This article is from OPPO’s Internet Technology team. At the same time, you are welcome to follow OPPO Internet Technology team’s official account: OPPO_tech, and share OPPO’s cutting-edge Internet technology and activities with you.

1. The background

The peak TPS of an online cluster exceeds 1 million/s (mainly write traffic, but very low read traffic). The peak TPS has almost reached the upper limit of the cluster, and the average latency exceeds 100ms. With the further increase of read and write traffic, the delay jitter seriously affects the service availability. This cluster adopts the natural sharding mode architecture of mongodb, and the data is evenly distributed in each shard. After adding the shard key and enabling the sharding function, perfect load balancing is achieved. The following figure shows the traffic monitoring of each node in the cluster:

As can be seen from the figure above, the cluster traffic is relatively large, with the peak value exceeding 1.2 million/SEC. The delete expired traffic is not included in the total traffic (delete is triggered by the master, but will not be displayed on the master, only when the slave node pulls oplog). If you include delete traffic from the primary node, the total TPS is over 1.5 million/SEC.

2. Software optimization

In the case of no increase in server resources, we first do the following software optimization, and achieved several times the desired performance improvement:

  1. Business level optimization

  2. Optimization of Mongodb configuration

  3. Storage engine optimization

2.1 Optimization at the service level

The cluster contains nearly 10 billion documents. Each document is stored for three days by default, and services randomly hash the data to expire at any point three days later. Due to the large number of documents, the peak monitoring of white balance can find that there are often a large number of DELETE operations on the secondary node, and even the number of delete deletion operations at some time points has exceeded the read and write traffic of the business side. Therefore, the delete expired operation is considered to be performed at night. The method of adding expired indexes is as follows:

Db.collection.createIndex( { "expireAt": 1 }, { expireAfterSeconds: 0 } )
Copy the code

ExpireAfterSeconds =0; expireAfterSeconds=0; expireAfterSeconds=0;

Db.collection.insert ({// indicates that the document will expire at 1:00 a.m. at night"expireAt": new Date('July 22, 2019 01:00:00'),  
  "logEvent": 2."logMessage": "Success!"
})
Copy the code

By randomly hashing expireAt at any time in the morning three days later, you can avoid triggering a large number of cluster DELEts introduced by expired indexes during peak hours during the day, thus reducing cluster load during peak hours, and ultimately reducing service average time delay and jitter.

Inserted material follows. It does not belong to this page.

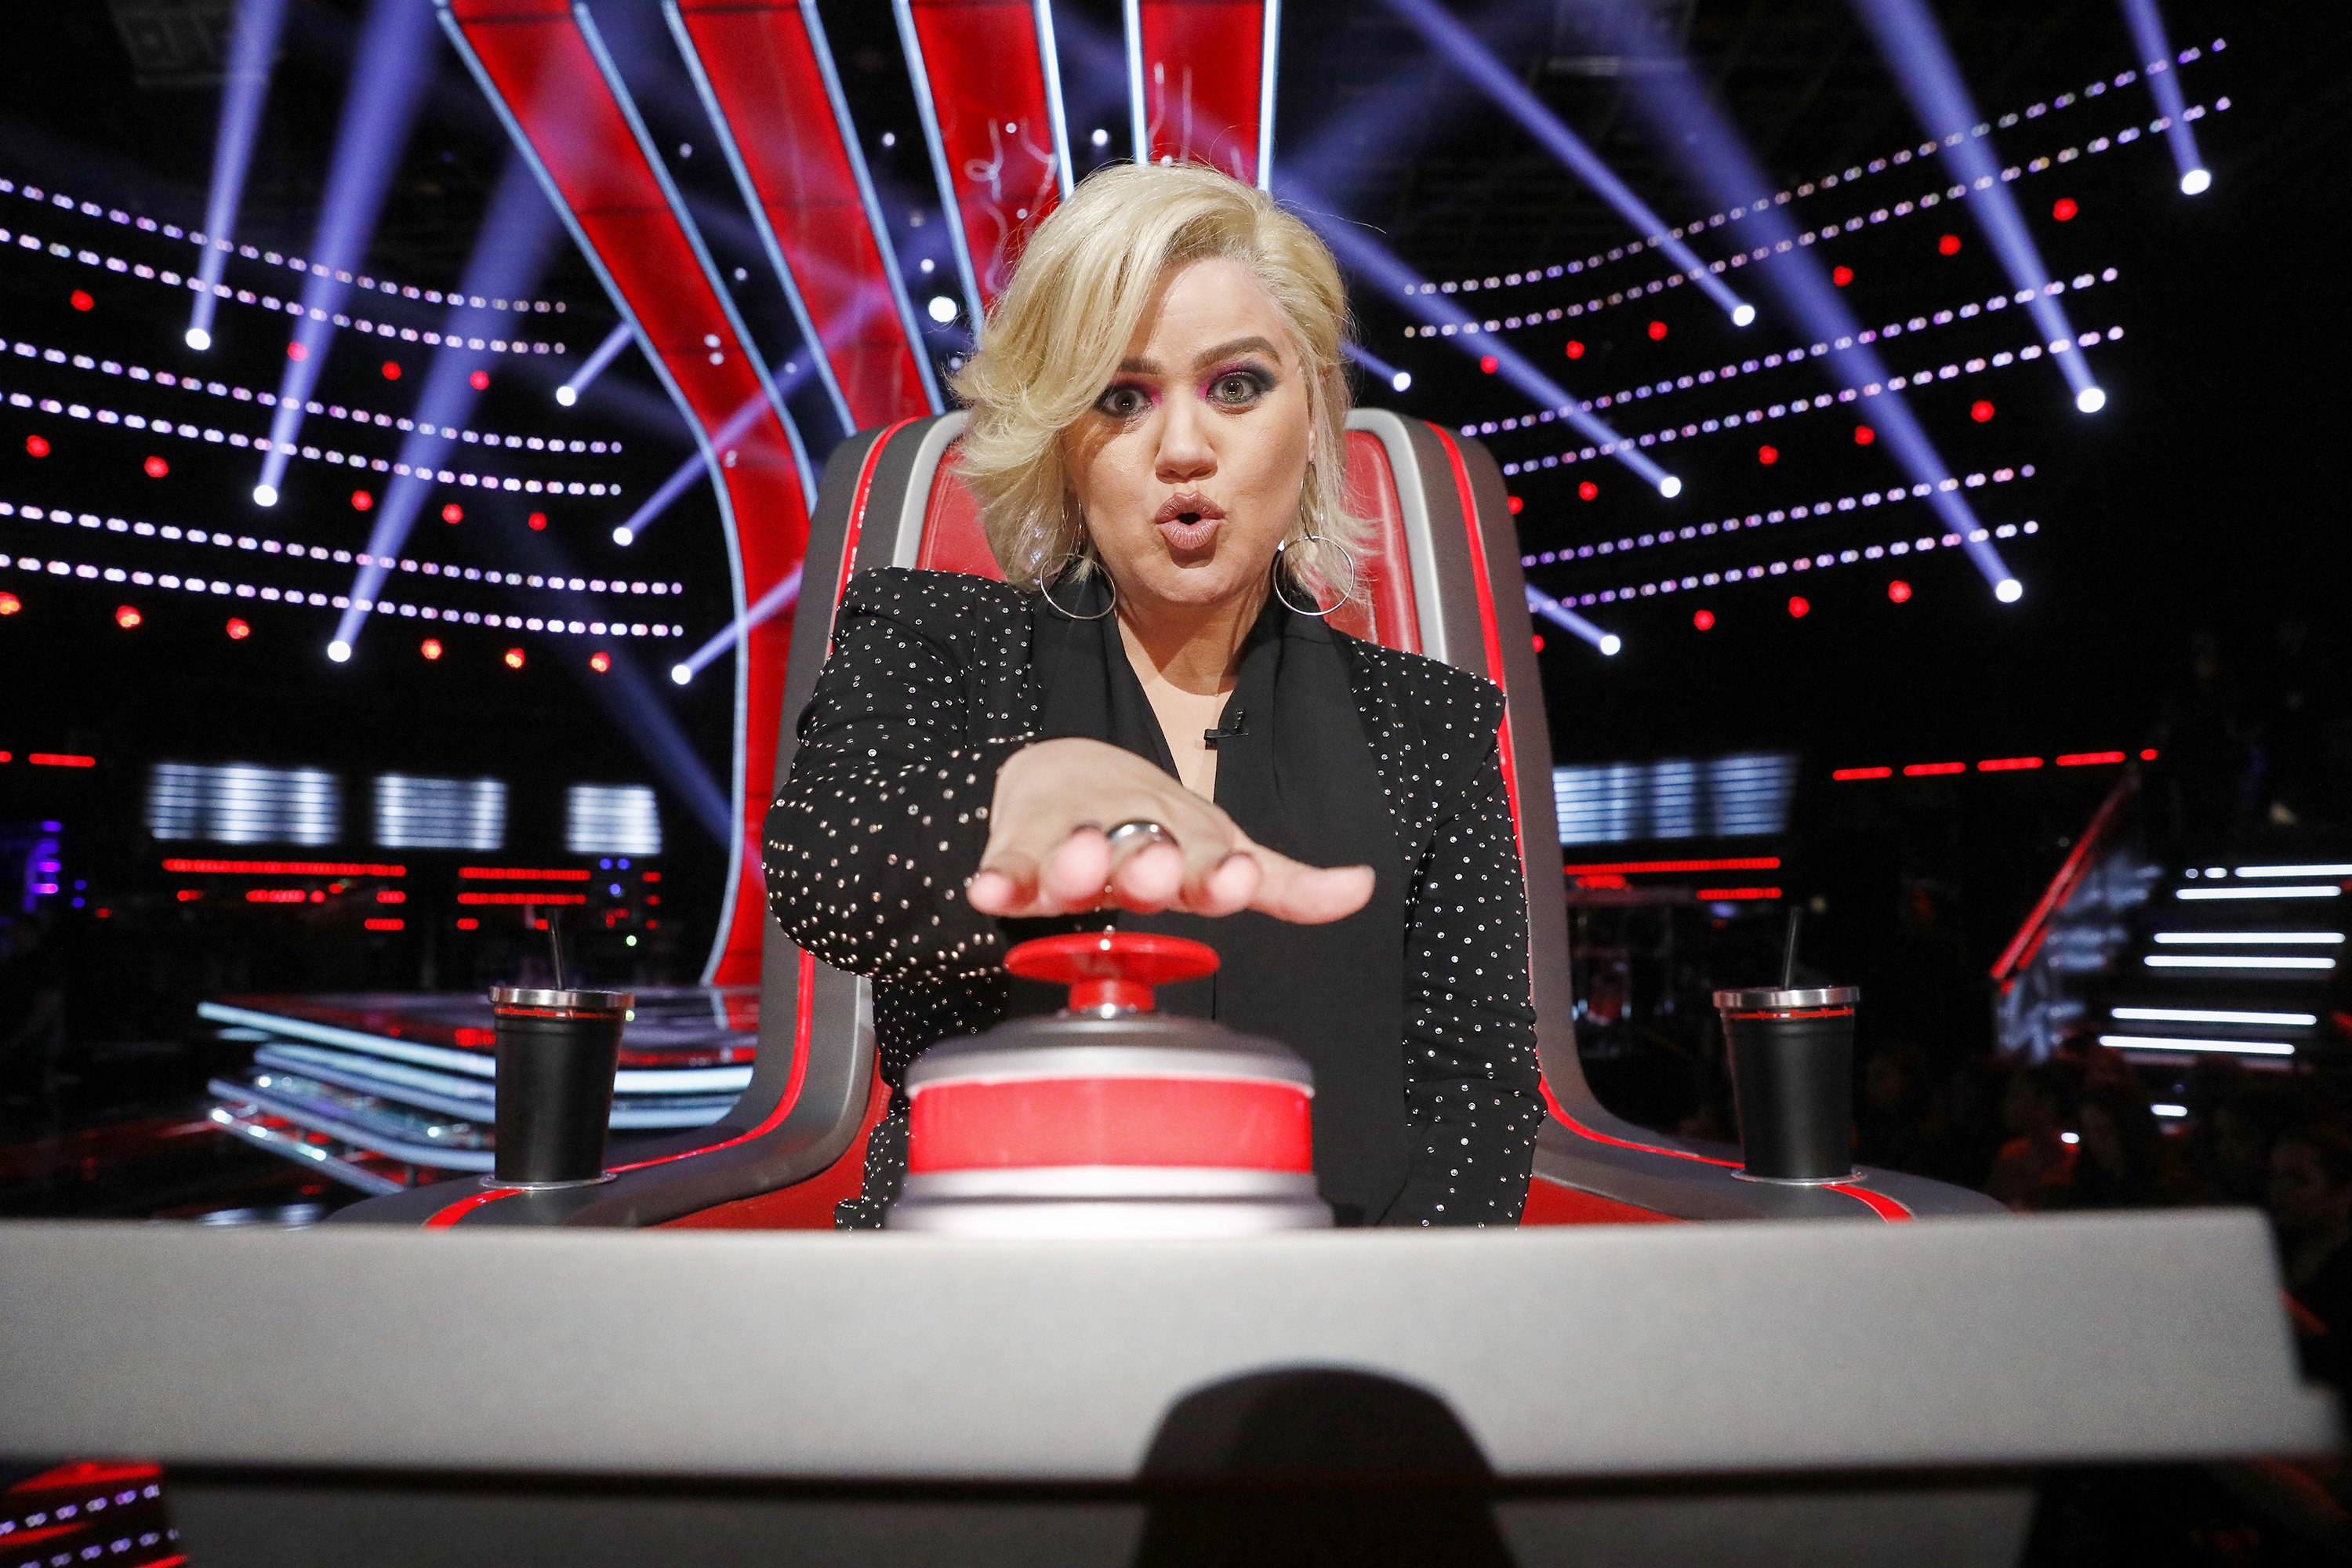 Kelly Clarkson during season 18 of "The Voice." | Source: Getty Images.

Delete Expired Tips1: expireAfterSeconds Meaning

  1. ExpireAt expires at the absolute point in time specified by expireAt, which is 2:01 am on December 22
Db.collection.createIndex( { "expireAt": 1}, { expireAfterSeconds: 0 })
db.log_events.insert( { "expireAt": new Date(Dec 22, 2019 02:01:00'),"logEvent": 2,"logMessage": "Success!" })Copy the code
  1. ExpireAfterSeconds expireAfterSeconds expireAfterSeconds expireAfterSeconds expireAfterSeconds expireAfterSeconds expireAfterSeconds expireAfterSeconds expireAfterSeconds expireAfterSeconds expireAfterSeconds
db.log_events.insert( {"createdAt": new Date(),"logEvent": 2."logMessage": "Success!"} )
Db.collection.createIndex( { "expireAt": 1 }, { expireAfterSeconds: 60 } )
Copy the code

Delete expired Tips2: Why mongostat can only monitor Delete operations on the secondary node but not on the primary node?

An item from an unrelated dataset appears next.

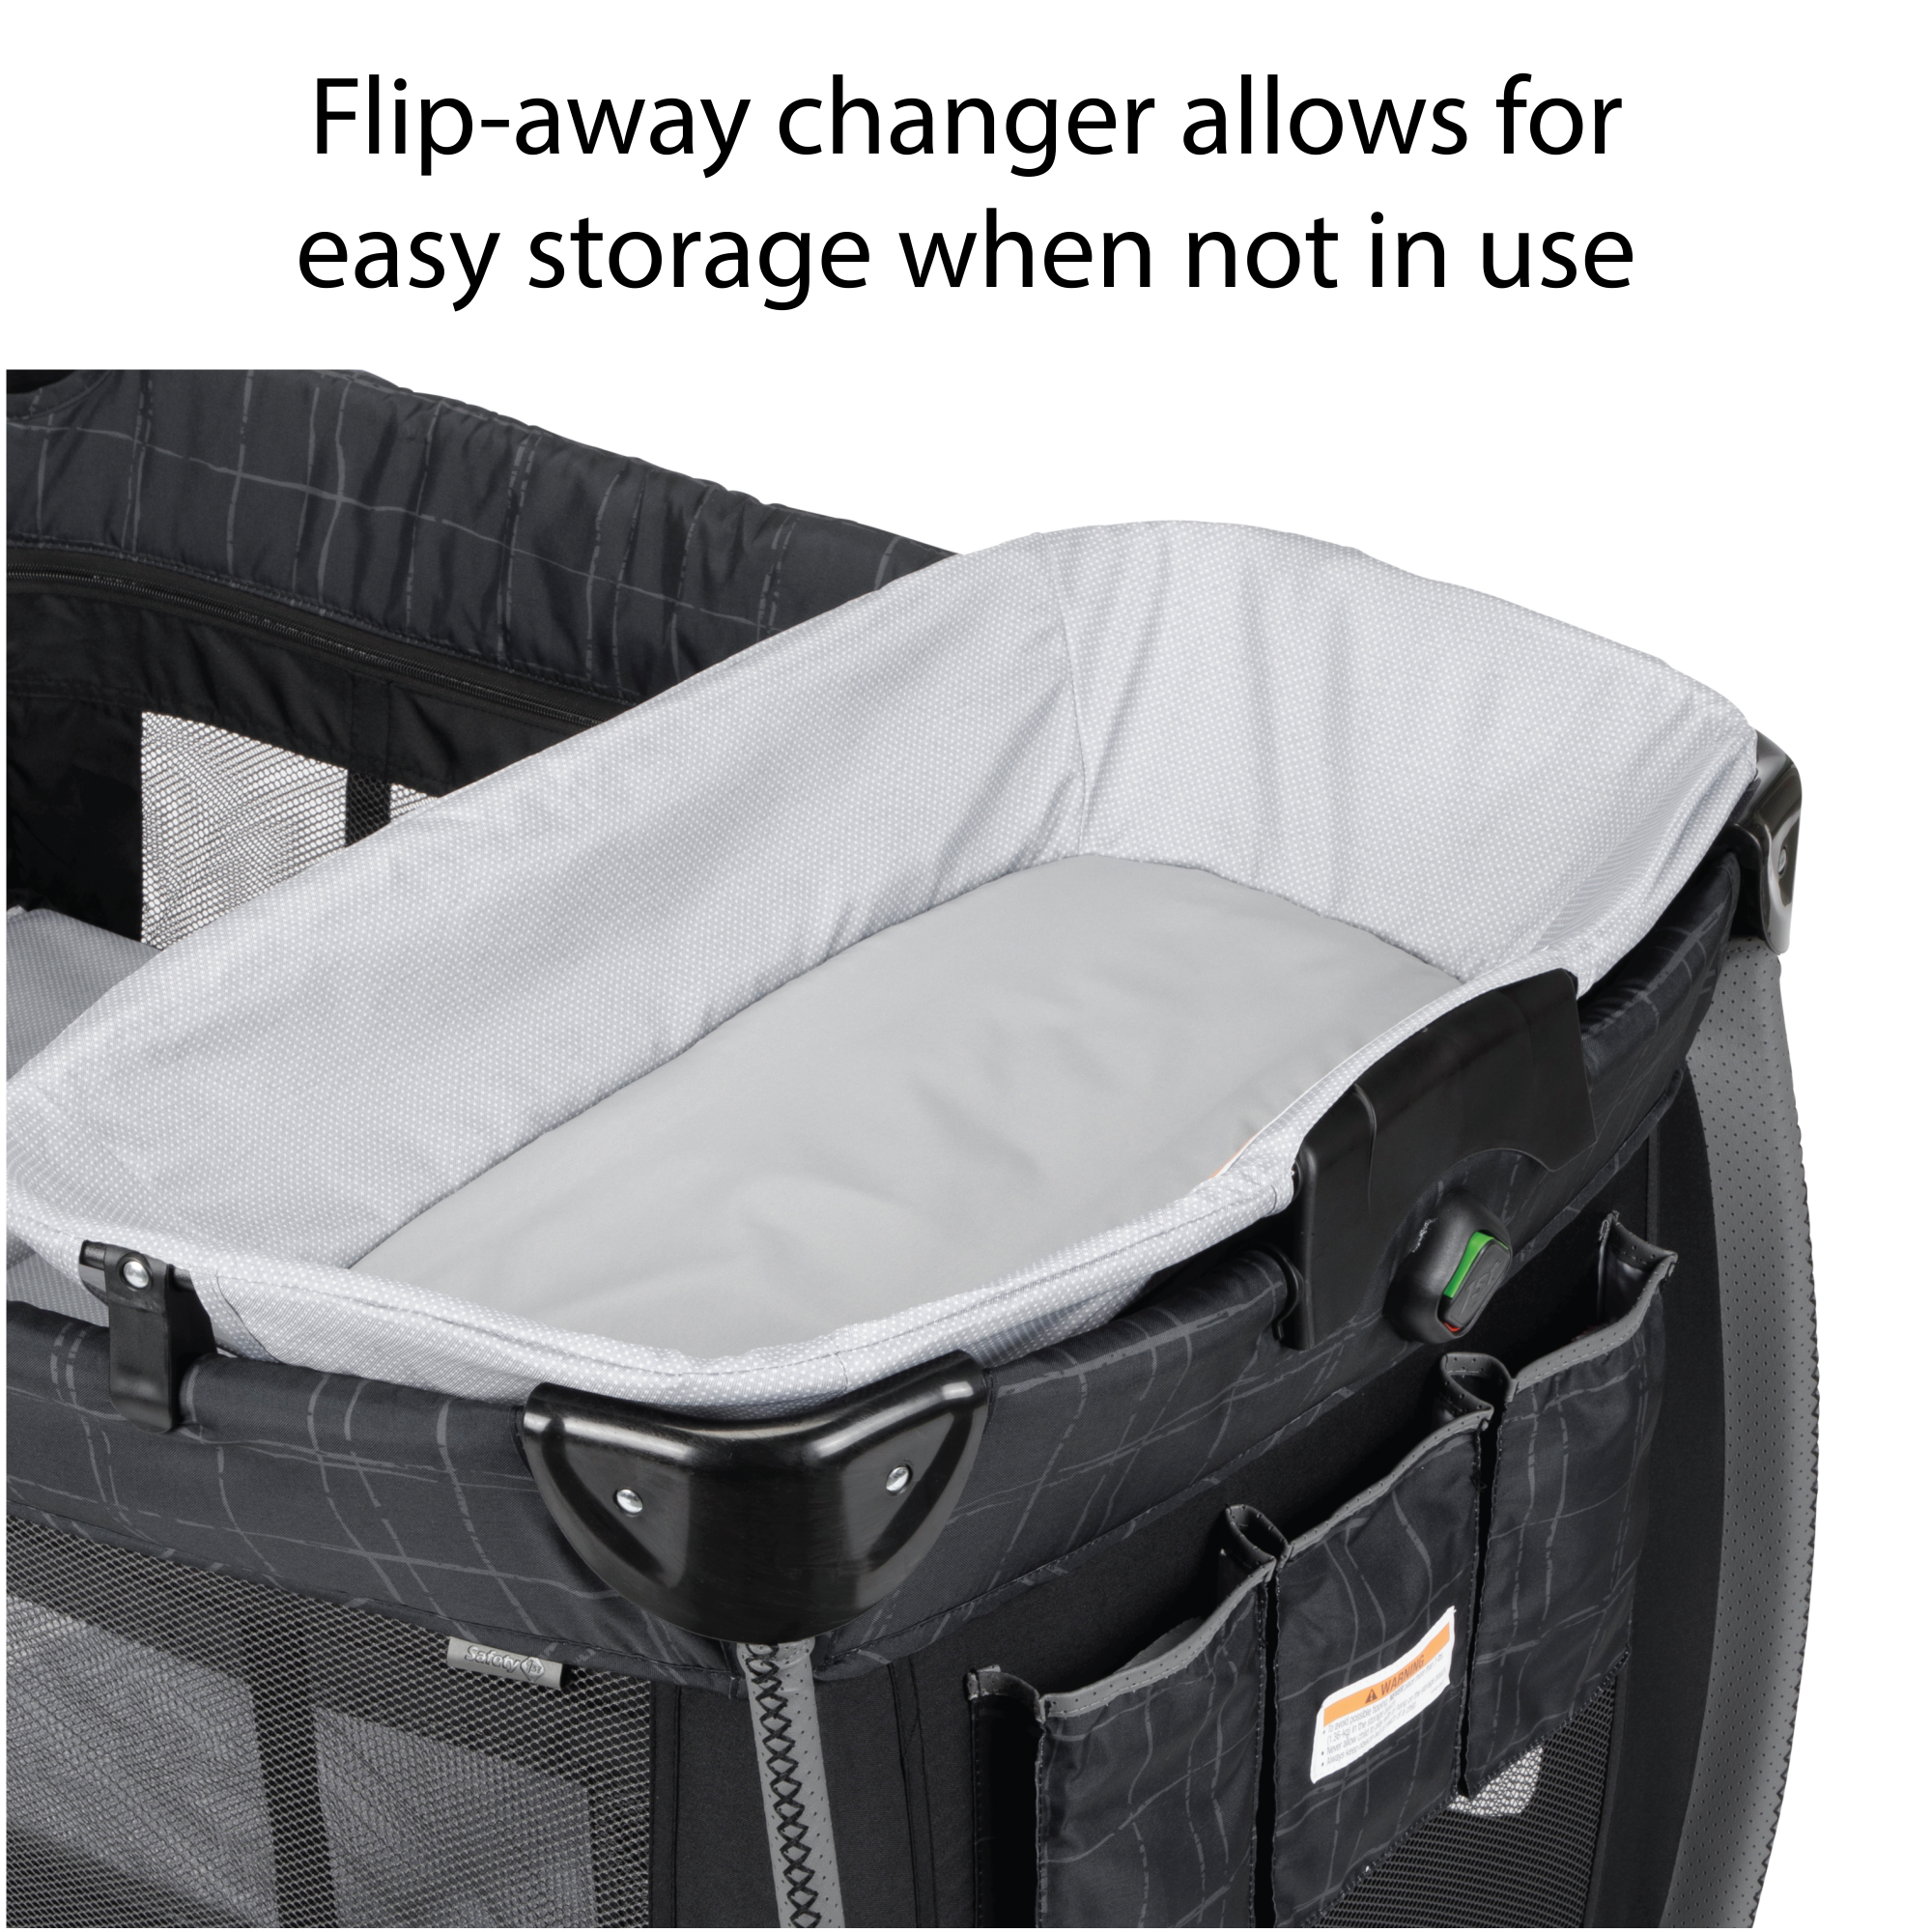 Play-and-Stay Play Yard - flip-away changer allows for easy storage when not in use

The reason is that the expired index is triggered only on the master node. After the trigger is triggered, the master node will directly delete the index and call the corresponding Wiredtiger storage engine interface to delete the index. Therefore, the delete statistics cannot be displayed on the master node.

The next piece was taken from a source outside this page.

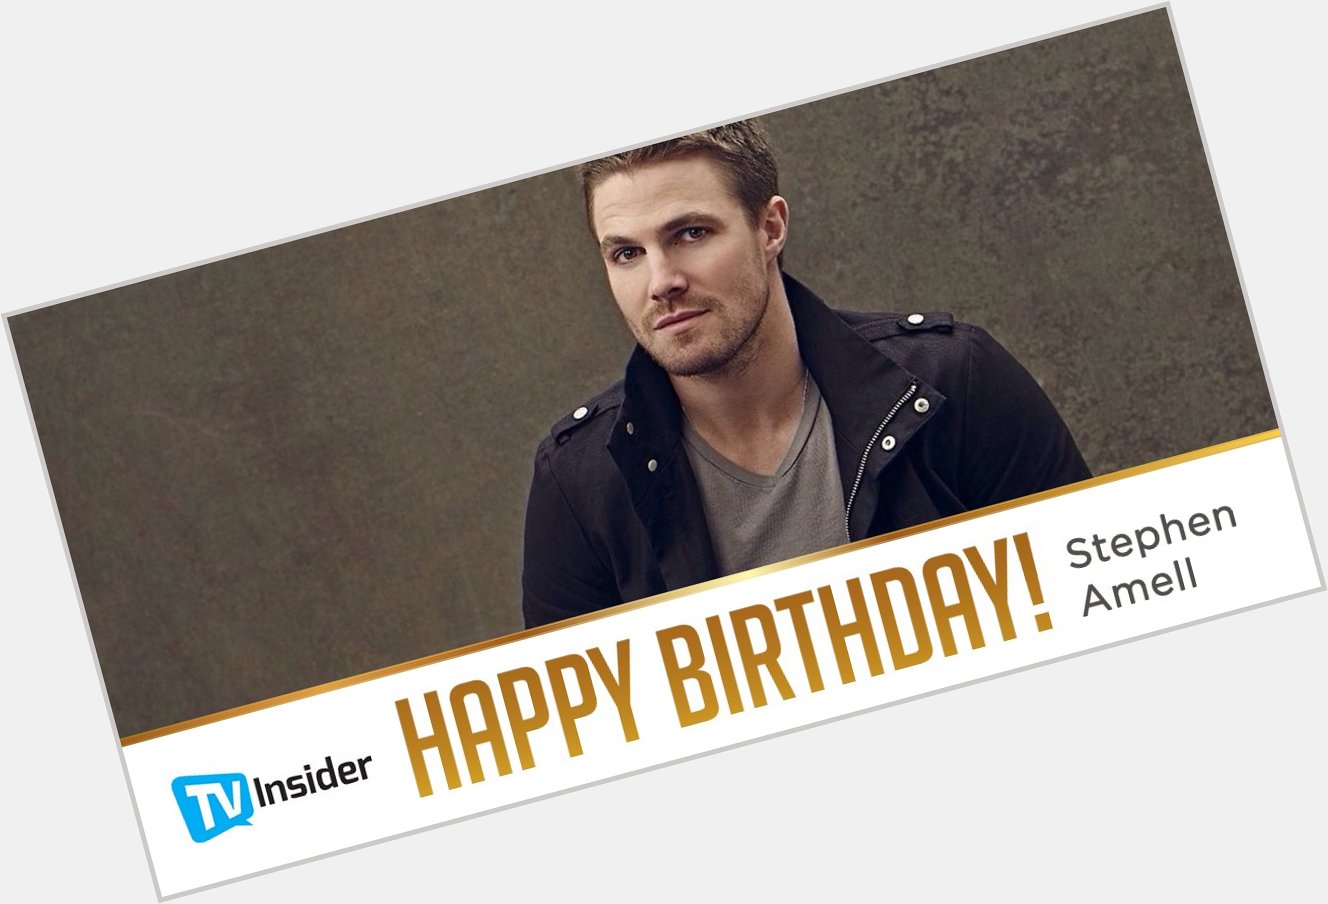 Our is pointing at Oliver! Happy birthday, Stephen Amell.

After the delete of the primary node expires, the delete oplog information of the secondary node will survive. The secondary node will pull the primary node oplog and simulate the replay of the client. In this way, the secondary data can be deleted at the same time as the primary data is deleted to ensure the final data consistency. Simulating client playback from the node will go through the normal client link process, so the delete count statistics will be recorded.

The official reference is as follows: docs.mongodb.com/manual/tuto…

2.2 Mongodb configuration Optimization (network I/O overcommitment, network I/O and disk I/O separation)

The TPS of the cluster is high and there are a large number of pushes on the hour, so the concurrency on the hour is higher. The default mode of one thread per request of mongodb will seriously affect the system load. This default configuration is not suitable for read and write application scenarios with high concurrency. Official introduction is as follows:

2.2.1 Implementation principle of Mongodb internal network thread model

Mongodb’s default network model architecture is a client link, and mongodb creates a thread to handle all read/write requests and disk I/O operations on that link.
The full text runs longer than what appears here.